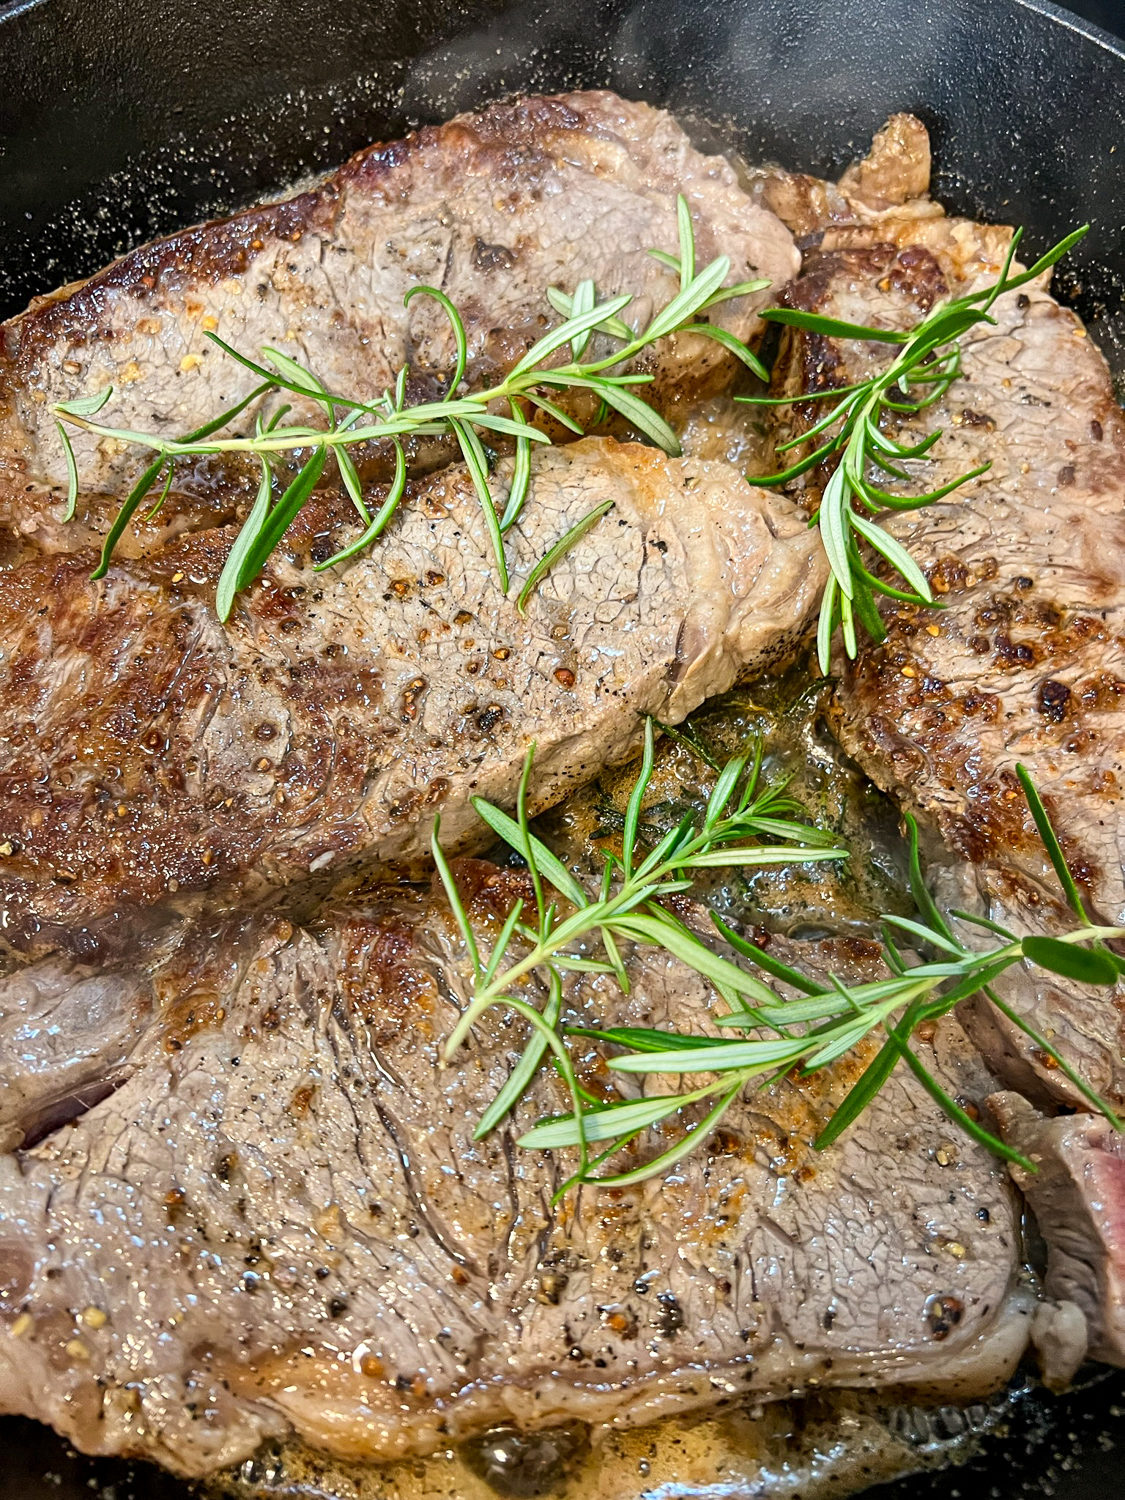 Perfectly seared and cooked steak garnished with fresh rosemary in a skillet.
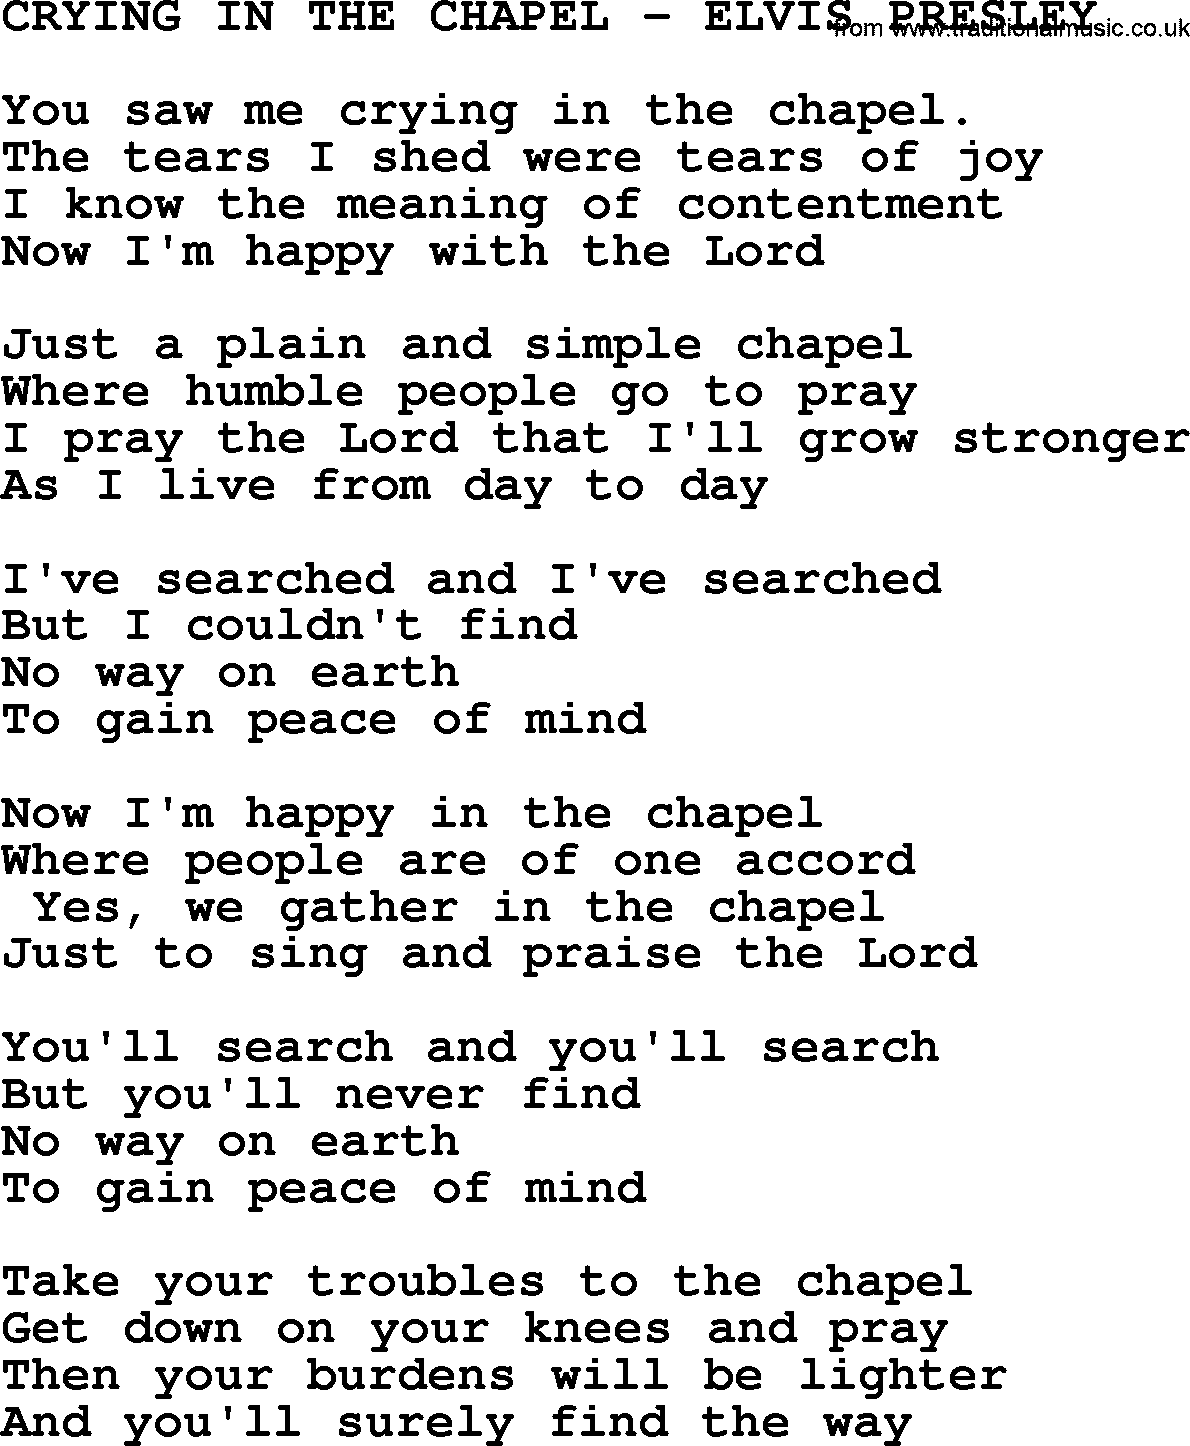 Elvis Presley song: Crying In The Chapel-Elvis Presley-.txt lyrics and chords
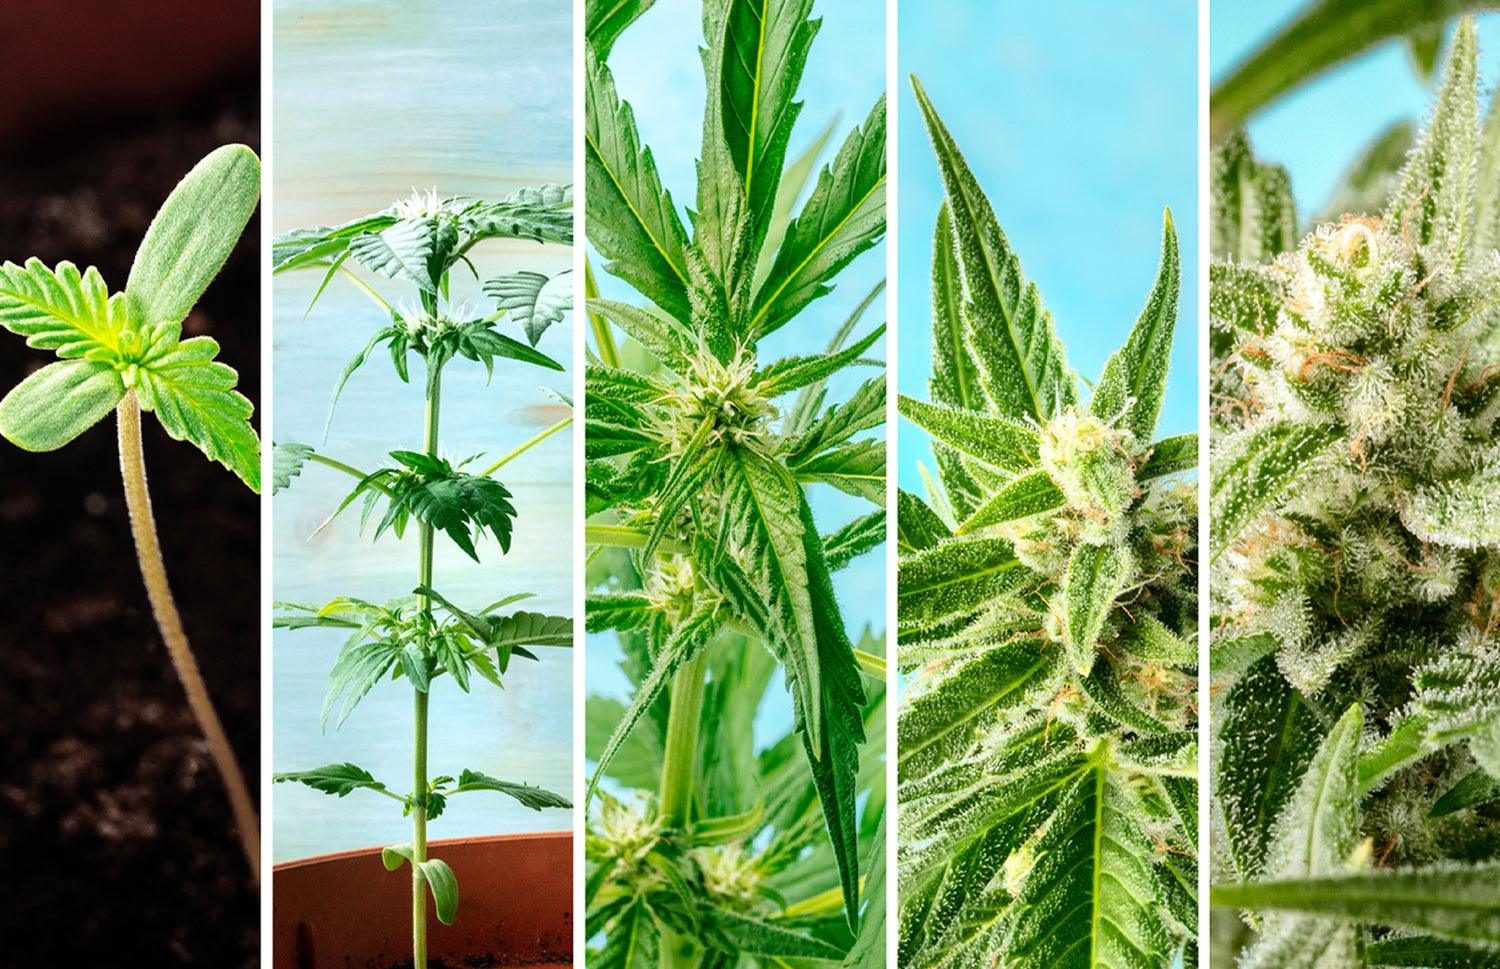 To get maximum yield from a marijuana plant, what size pot should

◆ Goal of the exercise: The answer must be the whole listing, word for word, with no pictures in it. Please write it out.

◆ Solution to the exercise:
 Perfectly seared and cooked steak garnished with fresh rosemary in a skillet.
 Elvis Presley song: Crying In The Chapel-Elvis Presley-.txt lyrics and chords
 To get maximum yield from a marijuana plant, what size pot should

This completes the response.